- TASK
Please, could you print all the lines below exactly, leaving out the pictures?

- COLLECTED MATERIAL
((

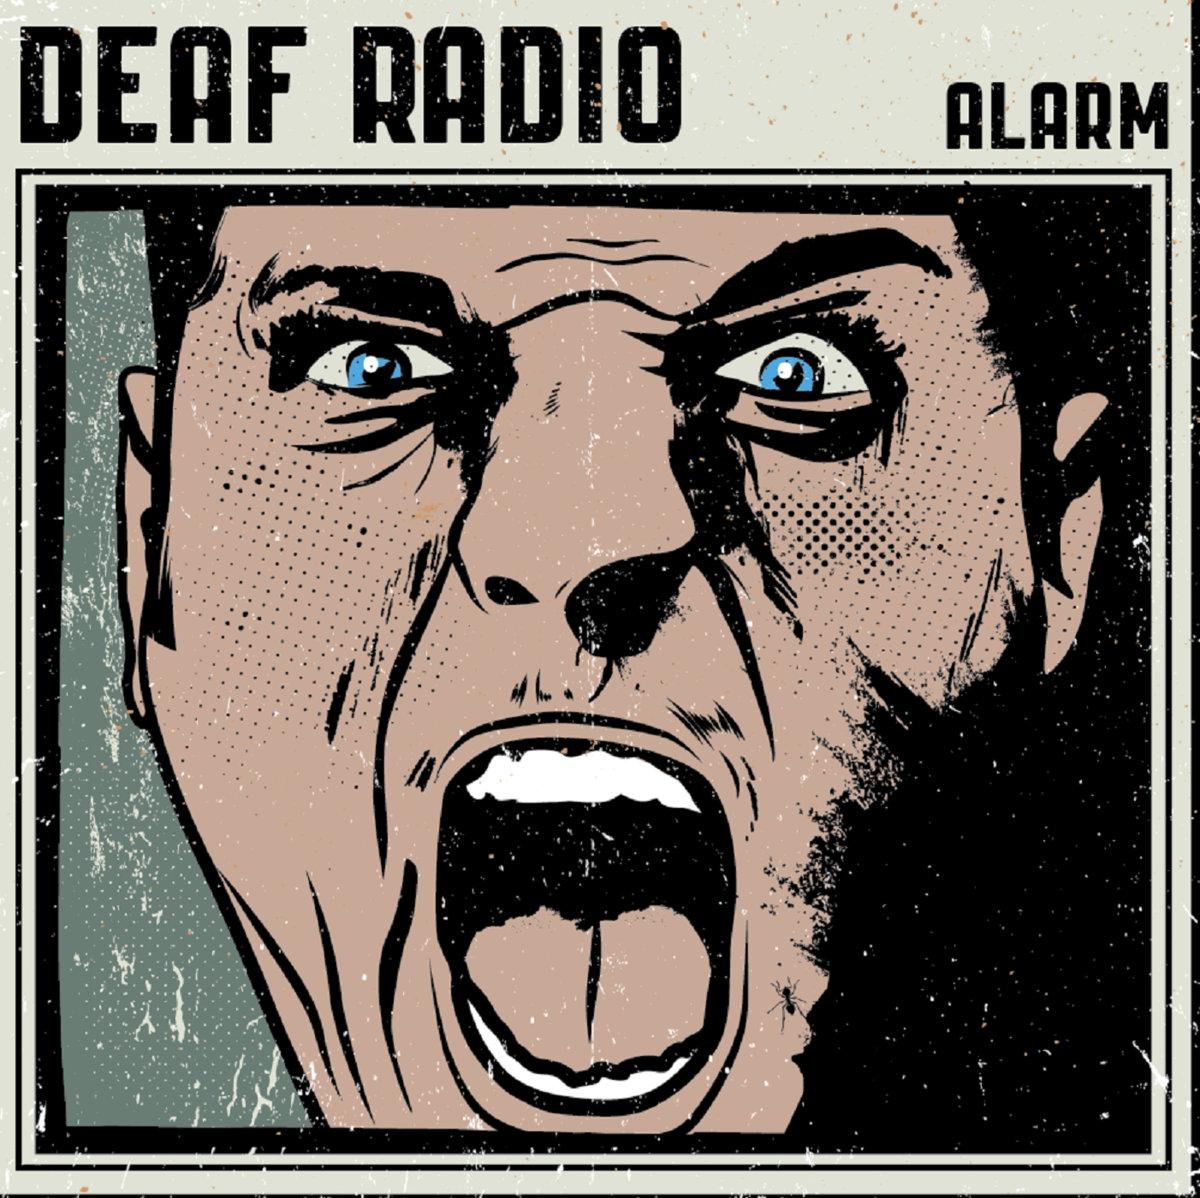 Alarm_Album Cover
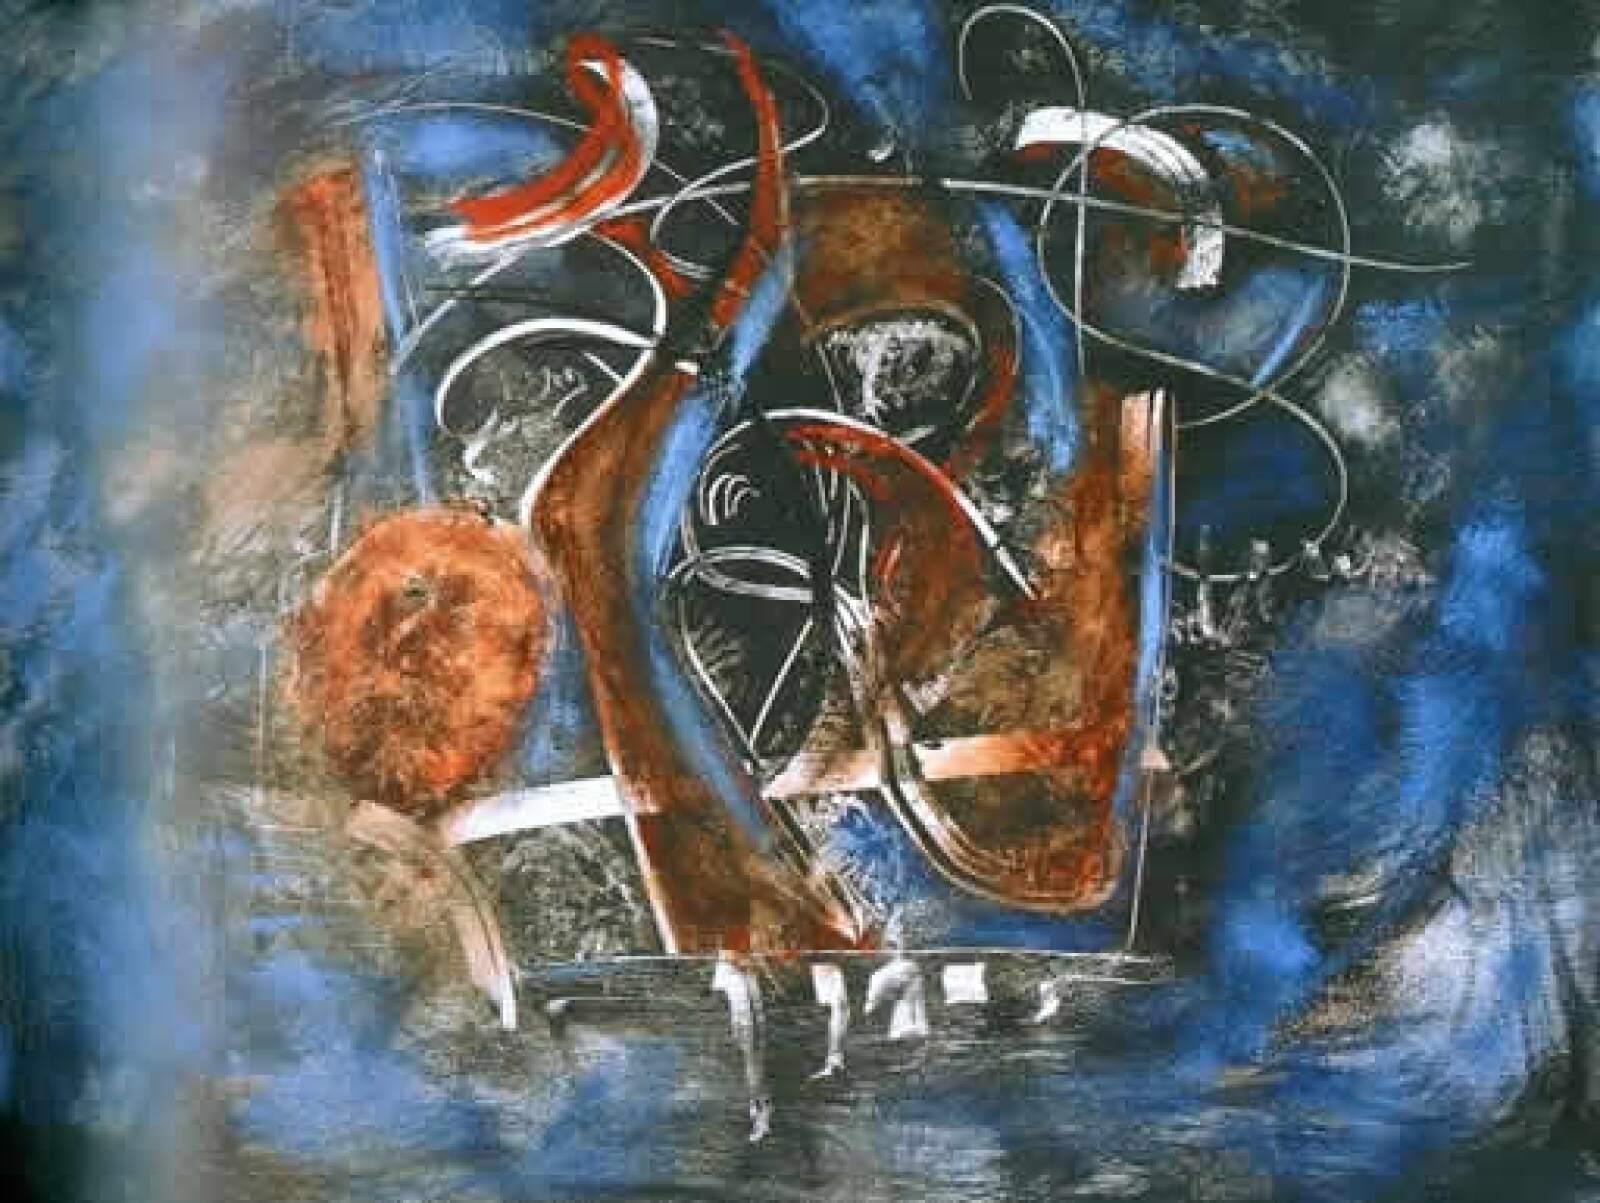 """Según el filósofo y crítico de arte Luis Ramaggio, Martí es un pintor comprometido con su oficio"""". """"Embrujo en azul"""", 2004, acrílico sobre tela, 1.20 x 1.50 m"""
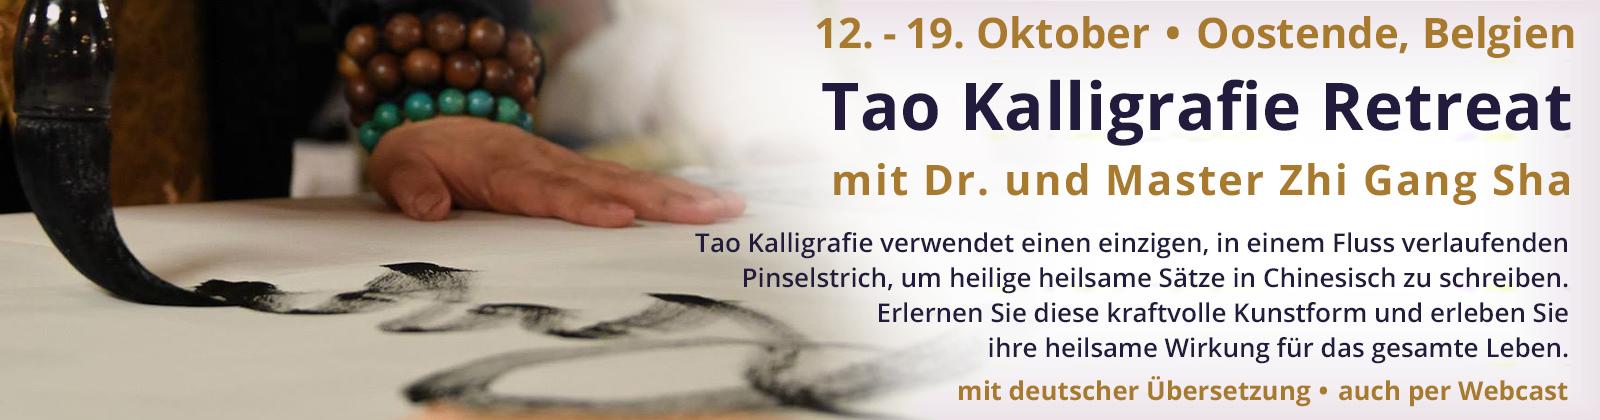 Tao Kalligrafie Retreat mit Dr. und Master Zhi Gang Sha

))

- RESULT OF THIS EXERCISE
 Alarm_Album Cover
 """Según el filósofo y crítico de arte Luis Ramaggio, Martí es un pintor comprometido con su oficio"""". """"Embrujo en azul"""", 2004, acrílico sobre tela, 1.20 x 1.50 m"""
 Tao Kalligrafie Retreat mit Dr. und Master Zhi Gang Sha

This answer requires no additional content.